October 3, 2013 02:00 PM

Software-defined networking (SDN) has the potential to bring major news to networking. Some of this potential has already been realized, but some of the main advantages of software-defined networking (SDN) still need to be implemented. For example, SDN has the potential to create a network which is smarter than what we have today. For me, a smarter network means that all the networking elements become application-aware. In other words, the whole network is “shaped” to serve one purpose, which is the application that it was designed to host and serve in the first place.

SDN technologies and concepts allow us to program the network to become application-aware. As SDN defines a centralized network control entity that programs the networking elements, it becomes pretty straightforward for application control functions to interact with the network controller and be responsible for inserting application-awareness into these network elements.
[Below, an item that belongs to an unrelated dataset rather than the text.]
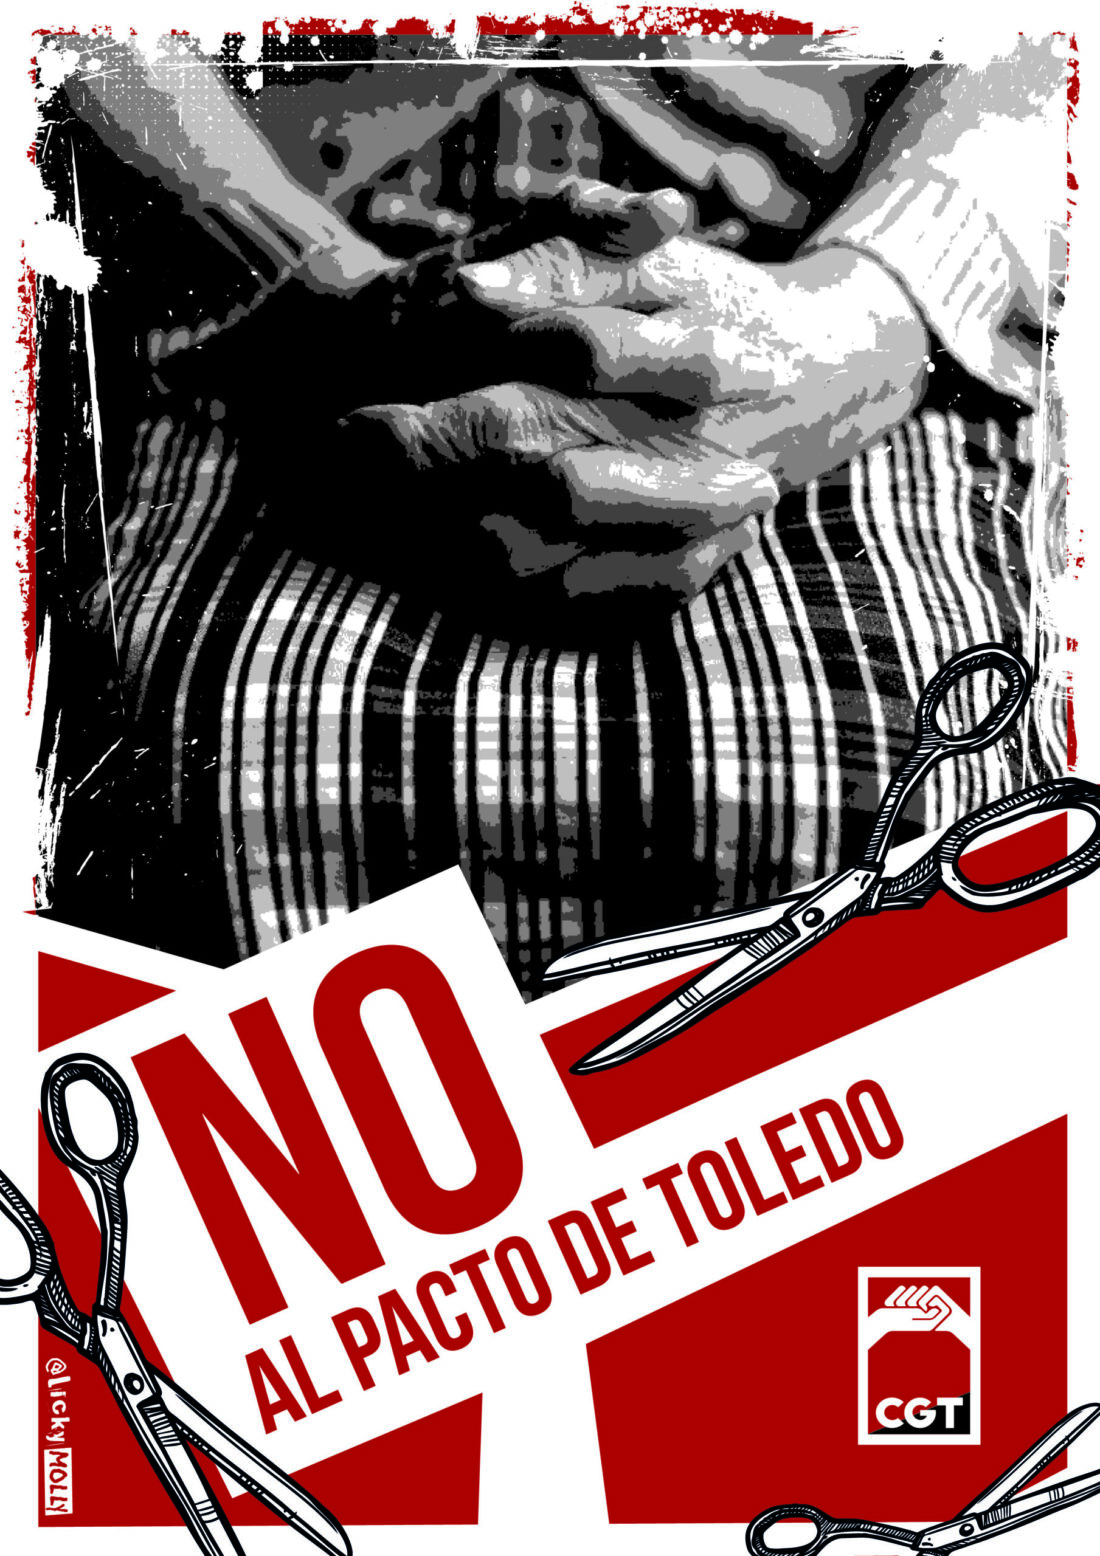 No al pacto de Toledo: Recomendaciones frente al Pacto de Toledo

The benefit that these application control functions (which I call SDN applications) bring is an increased value of the existing network resources — simply because the network computation resources are all shaped to serve the applications properly, rather than just hosting and delivering the traffic to them.

I don’t think there is a way today to measure how aware our network application is (how smart a network it is), at least not a standard one. SDN concepts enable not only greater application awareness, but also measure the level of this awareness. If we have an SDN-enabled network that is managed through a centralized SDN network controller, then the number of control applications that interact with it and the frequency with which these application functions program the network elements can be a very good measure for application awareness. The figure below illustrates this concept:

Another effective way to measure application awareness is to take a "snapshot" of the data-plane flow tables. A good SDN control application that interacts with the network controller would allow seeing into each data plane and considering the SDN-enabled element a piece of application intelligence. Let's take a look at the figure below and try to think which security application is interacting with the SDN-enabled network, or rather, what type of security application is "programmed" into this network.

The lower part of the figure shows a logical view of the OpenFlow flow-table rules in each SDN-enabled networking element, which I call a “snapshot.” This snapshot shows the SDN security application program’s fine-grained flow counters on the Open vSwitch flow tables that are close to the business applications (VMs), and also deploys much coarser-grained flow counters on the edge physical router/switches of the network.

The fine-grained counters enable the SDN security application to collect network statistics or copy/redirect specific application flows to a DPI device. Through that, it can detect deviations in network traffic patterns that might indicate an attack on an individual application or service and block them, while the coarser-grained flow on the edge allows the SDN application to detect, for example, a large-scale DDoS attack that imposes a threat on the entire network infrastructure. In other words, we can say that this snapshot reflects a “layers of defense” strategy, implemented natively as part of the network.

In conclusion, if you cannot take a snapshot of your network and see all the pieces of application intelligence, then you haven’t taken full advantage of SDN. It’s time to take another look at SDN and benefit from it to the fullest extent.